Rocco and his friends are superheroes whose long hairstyles (afro, bangs, dreadlocks) are the source of their superpowers. But when they are forced to go to the barbershop for a haircut, it’s up to an ingenious little girl and her doll to reassure the boys that it’s not their hair that makes them powerful. Much of the book’s appeal comes from the hilarious disconnect between text and image: while the text plays up the valiant narration of a superhero (“One day, while preparing for our latest quest, I was captured”

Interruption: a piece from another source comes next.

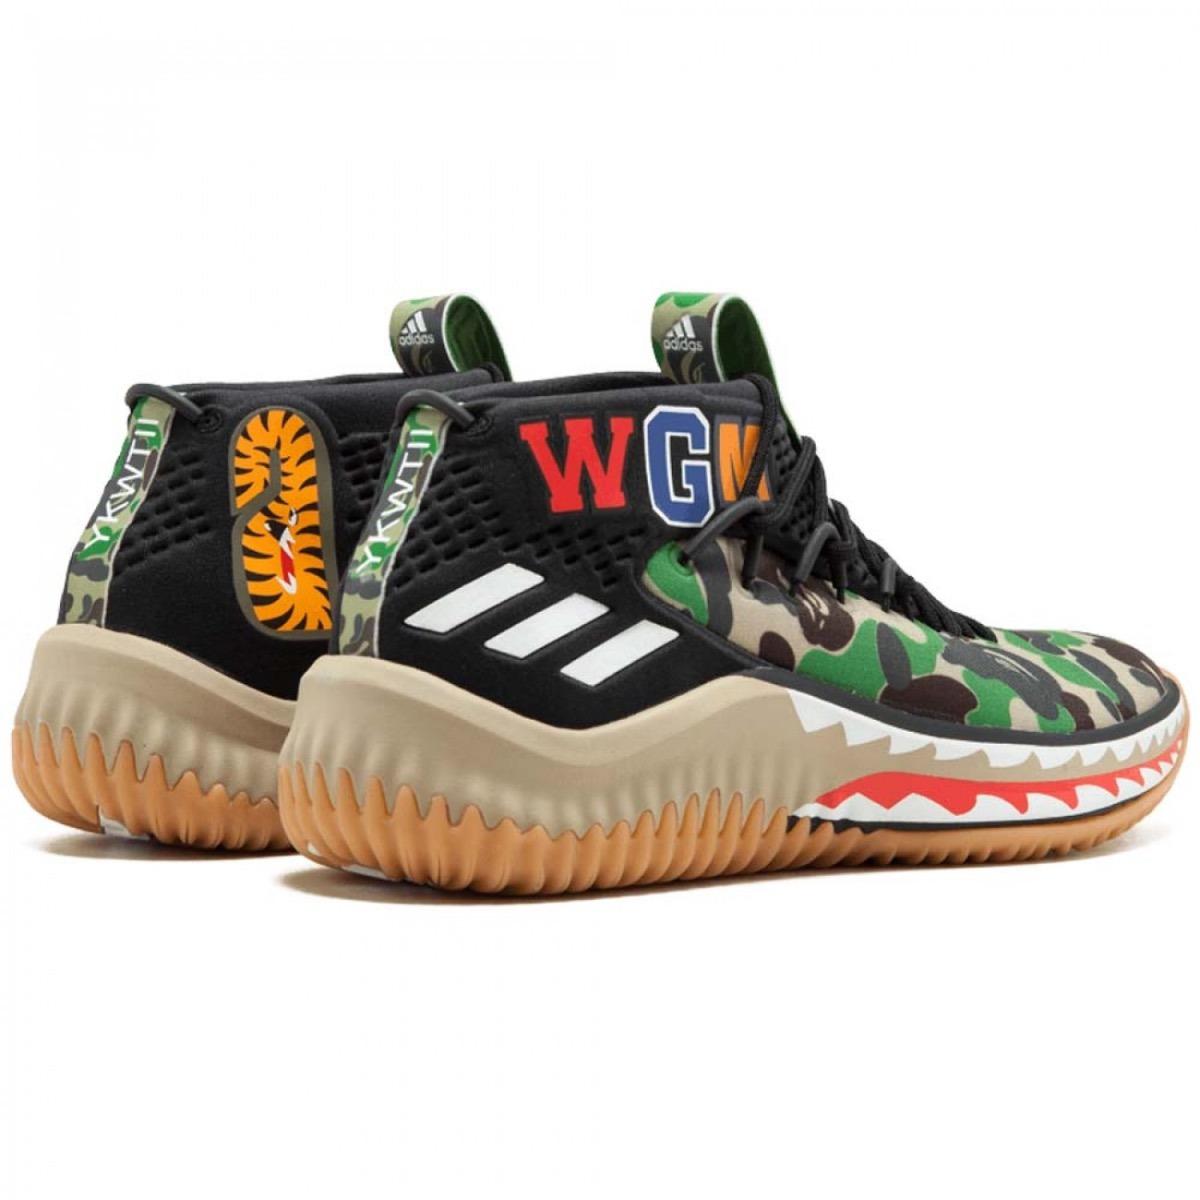 buy popular f655e 9882e Tênis adidas Dame 4 Bape Green Camo - Sneaker Damian Lillard

), the illustrations show average kids doing average things (Rocco is seen being carted away kicking and screaming in the family station wagon). The author plays up the comic book superhero aesthetic with occasional speech bubbles which allow Rocco to utter perfectly timed superhero comic clichés (“I will have my revenge, Must
back.”), along with many details and some backgrounds rendered in newsprint dots, and a smattering of appropriate exclamations (POW! ZOOM! WHOOSH!). Cleverly, after receiving his haircut from the barber, the color slowly drains out of Rocco until he becomes black and white like the rest of the world, and it’s only when Rocco and his friends find heroic purpose again that their color returns. Front endpapers depict wild-haired kids in silhouette demonstrating their powers, while back papers show kids in same poses, but with shorn hair, reinforcing the notion that true power comes from within. Children and adults alike will snicker at the many entertaining details.